▶ Information provided:
......

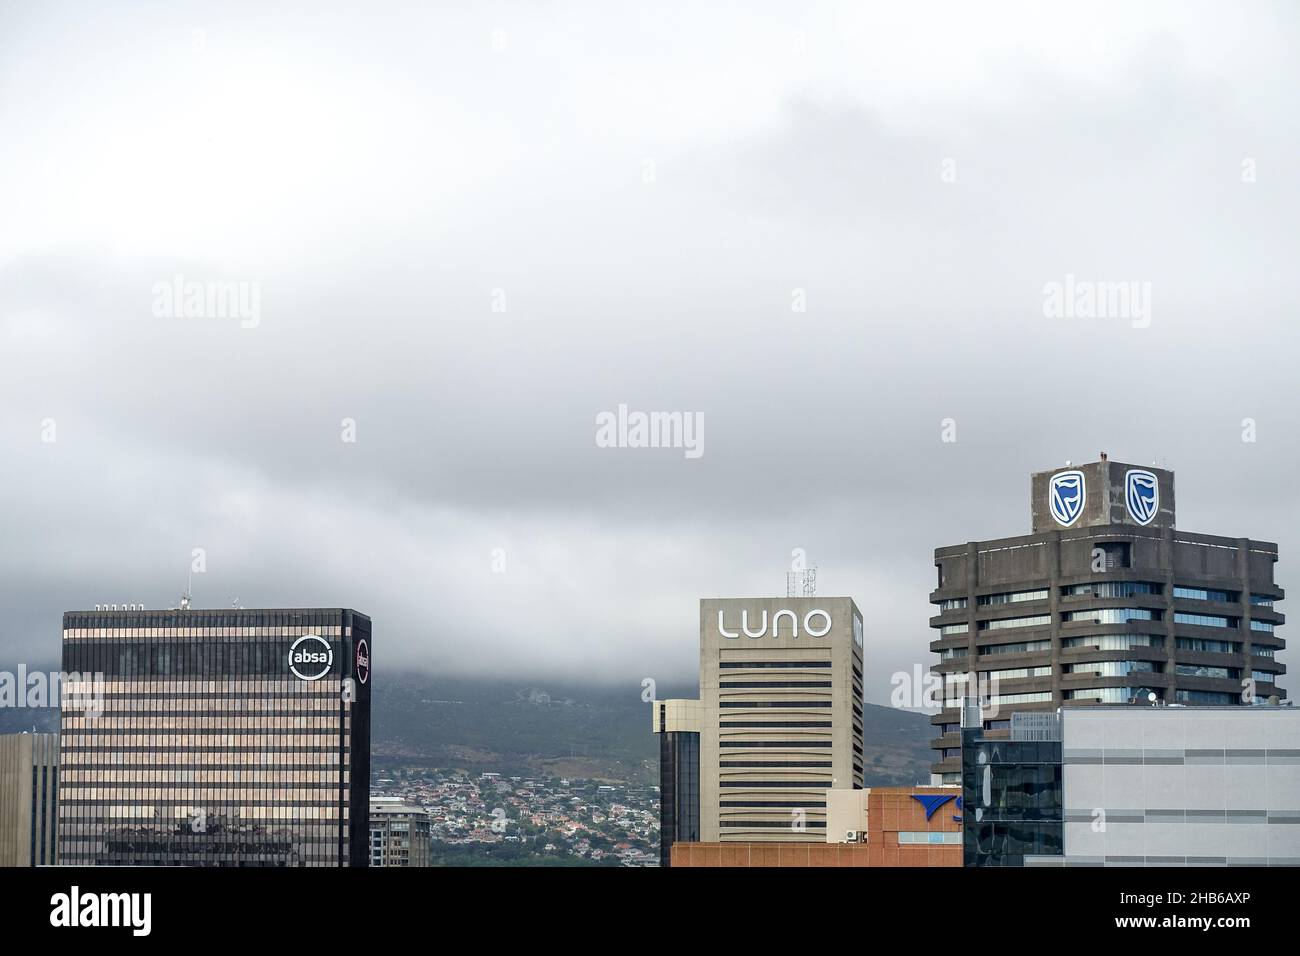 Cape Town skyline in 2021, featuring the crypto-exchange logo of Luno Stock Photo
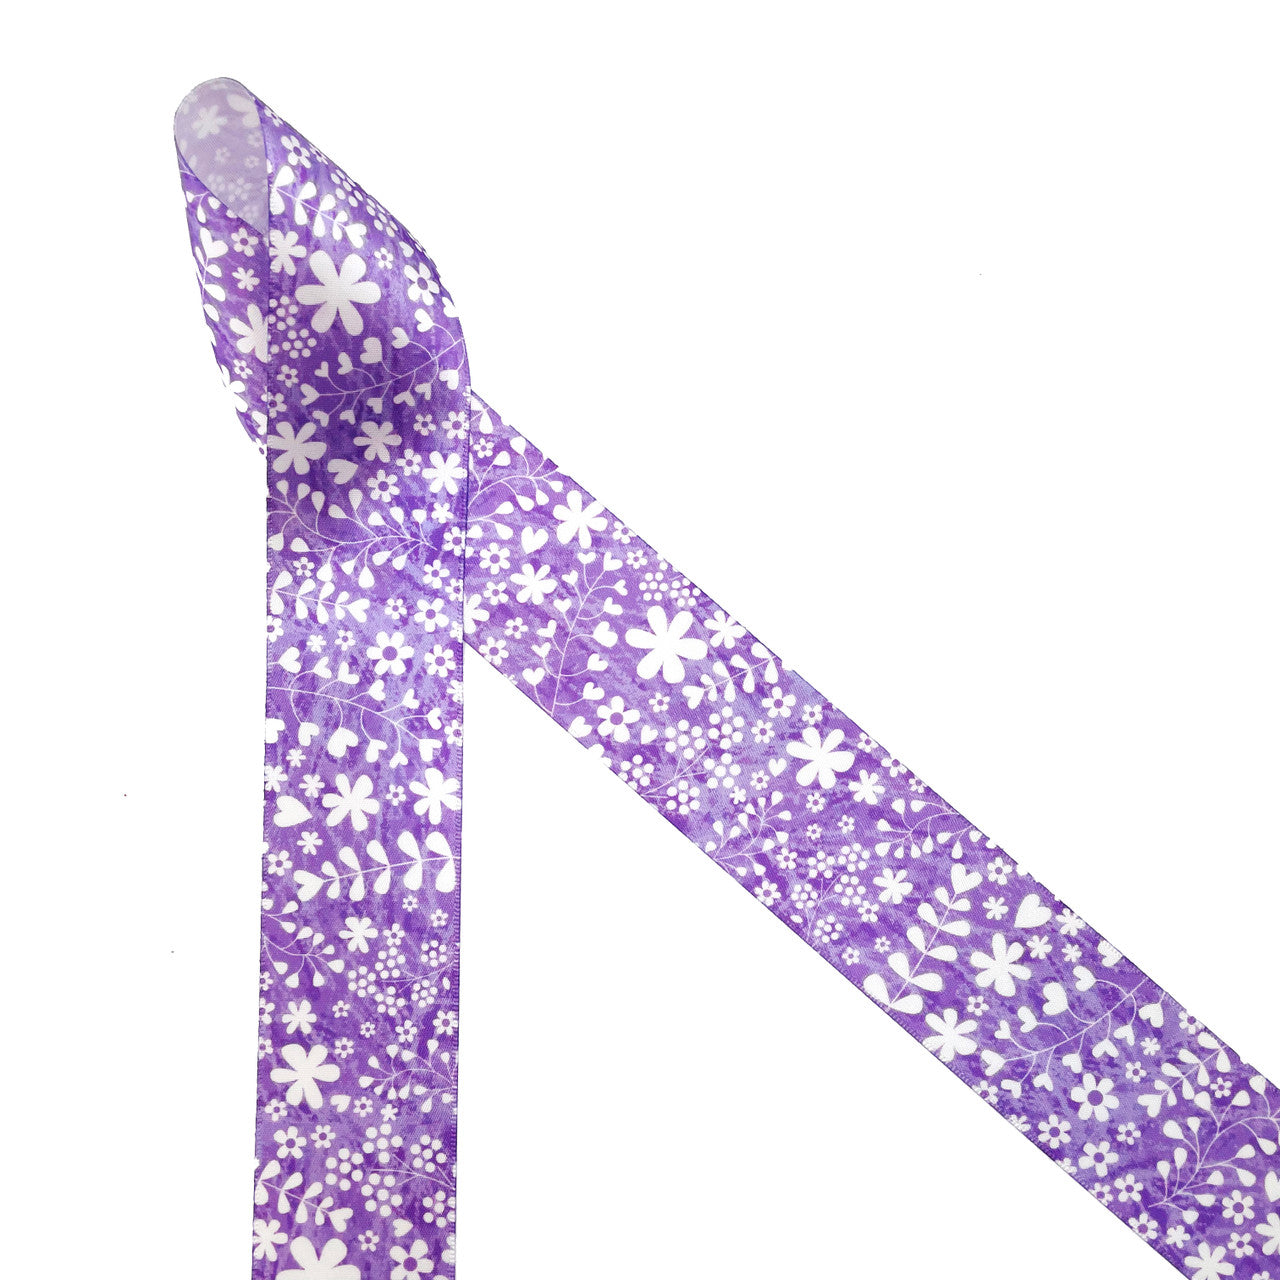 Spring floral print in white stencil on a lavender background printed on 1.5" white satin
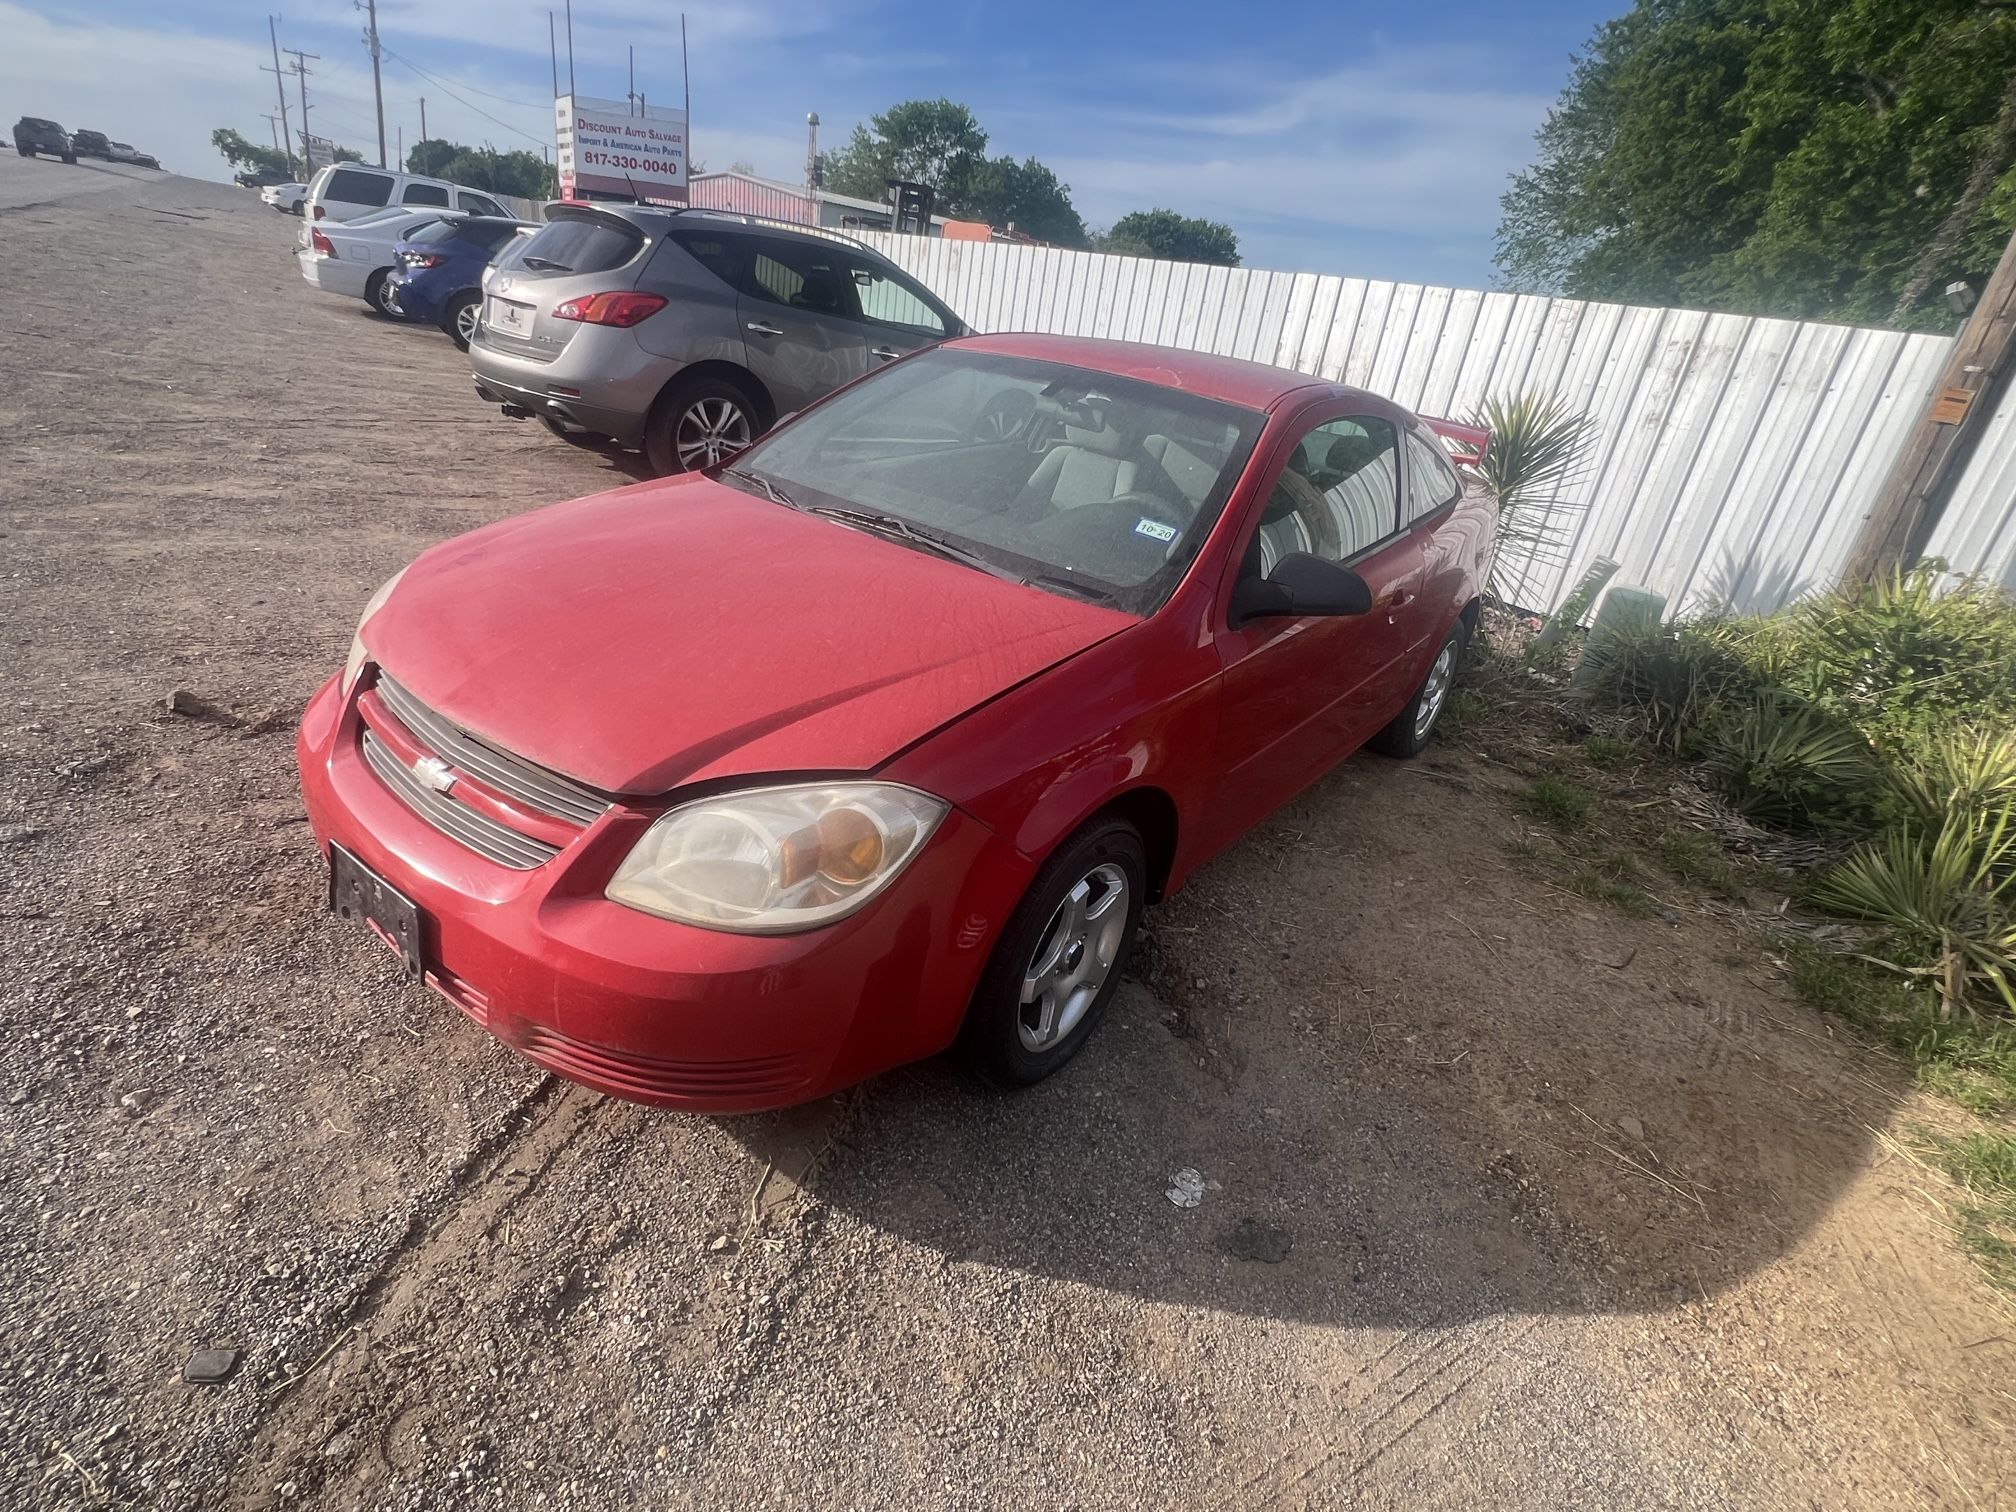 2005 Chevy Cobalt - Parts Only #DB5

......

▶ What to work on: All that's required is the material above repeated exactly, minus any picture.

▶ Answer section:
 Cape Town skyline in 2021, featuring the crypto-exchange logo of Luno Stock Photo
 Spring floral print in white stencil on a lavender background printed on 1.5" white satin
 2005 Chevy Cobalt - Parts Only #DB5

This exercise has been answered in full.